The last four rows show very small profiles, all with the same parameters except their signal to noise ratio in each row. This can be better seen on the second column (after adding noise). The faintest profiles are on the bottom left and the brightest are on the top right. It is clear that as n decreases. Because of the very high thresholds that the existing methods need to assume, they are extremely poor in detecting faint and diffuse profiles. However, thanks to the very low thresholds used by NoiseChisel, we are able to detect such objects much more accurately.

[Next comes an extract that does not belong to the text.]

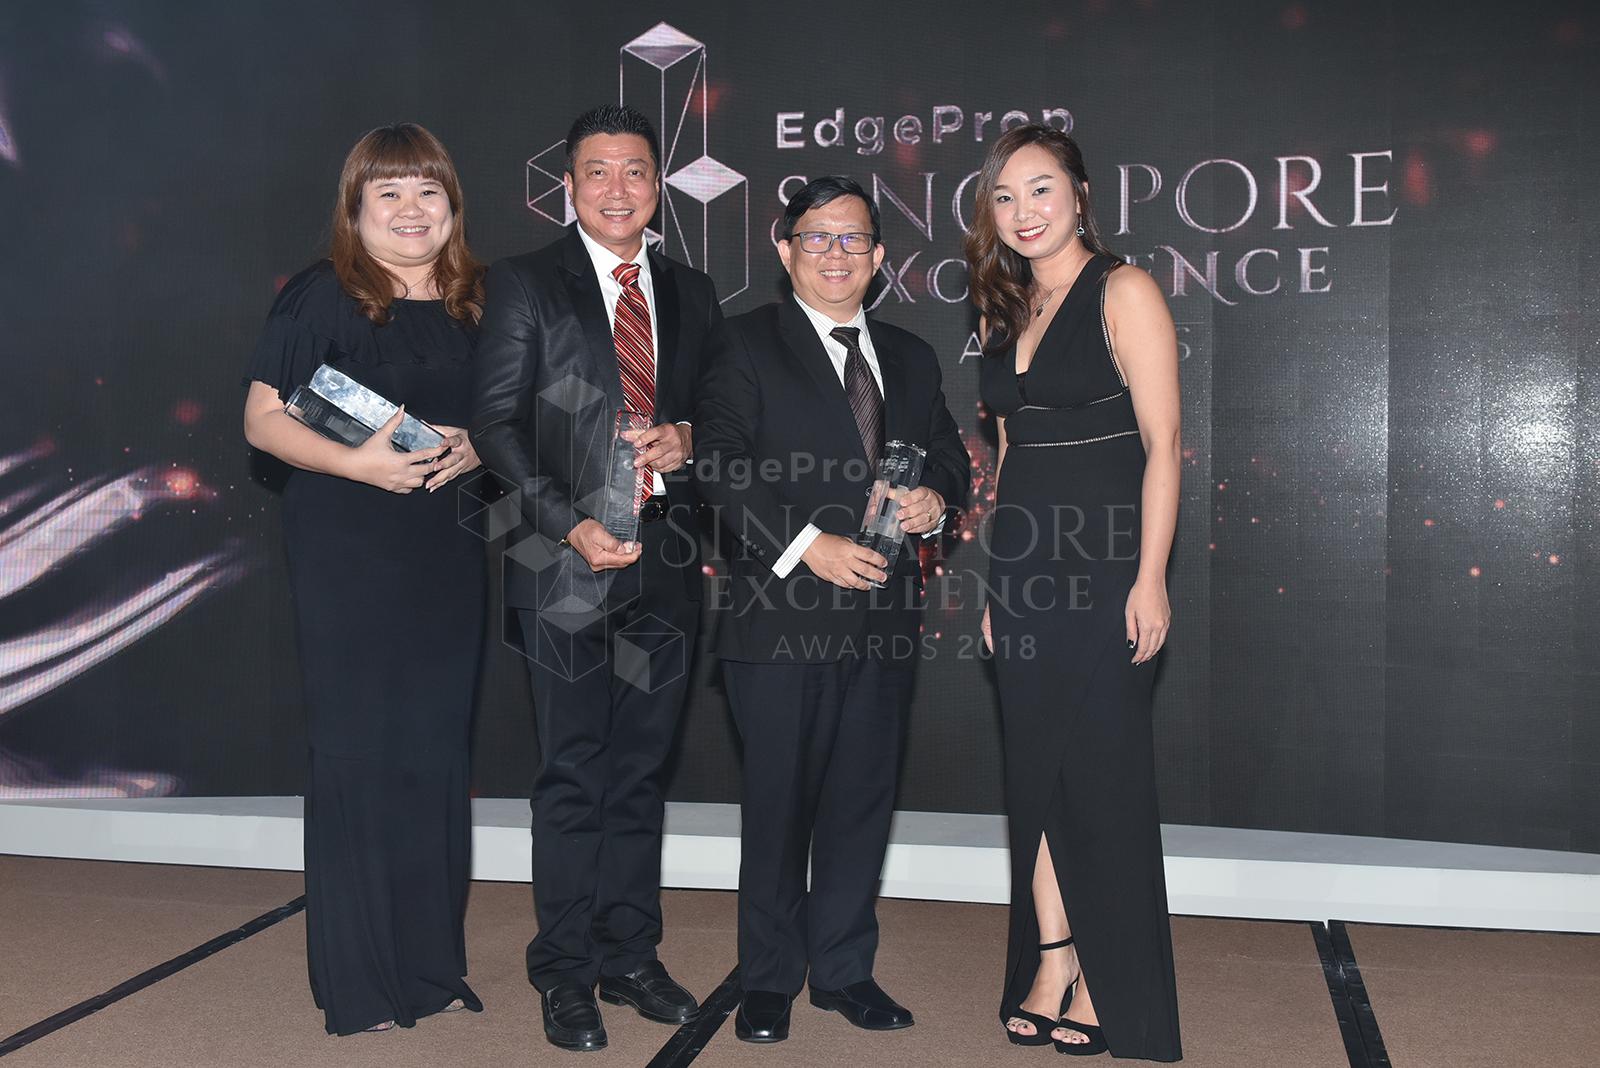 LEI_EDGEPROP_EXCELLENCE_AWARDS_2018_WINNERS_26_AC.jpg

For more details please read the full NoiseChisel paper. NoiseChisel is distributed as part of GNU Astronomy Utilities. This is the first astronomical software that has been evaluated and endorsed by GNU. I hope that with the help of other astronomers we can extend it soon to be a complete package for all aspects of astronomical data analysis and processing. I am now working on some scientific applications of this new techinque. They will be published soon.

Galaxy evolution

As discussed above, the new tool is exceptionally accurate in detecting the faintest and most irregularly shaped galaxies. I am currently using it to study the evolution in the galaxy UV luminosity function, to see how the most distant galaxies first started to re-ionize the universe after the cosmic "dark ages" in a period called "cosmic dawn" or rerionization. All our current knowledge of this period is based on the old signal-based approach to object detection. So this research will be the first time that these extremely distant and young galaxies have been studied with a new eye (not new telescope, but new technique). The results will be published soon, so stay tooned ;-).


  1. to make things easier, just consider biological life and neglect psychological or social life.
  2. The number of local galaxies observed in recent surveys (e.g. SDSS) is in the order of Billions.
  3. Since we are inside a spiral galaxy (the Milky Way) our selves, the disk doesn't let us see outer galaxies in those portions of the sky that the disk covers.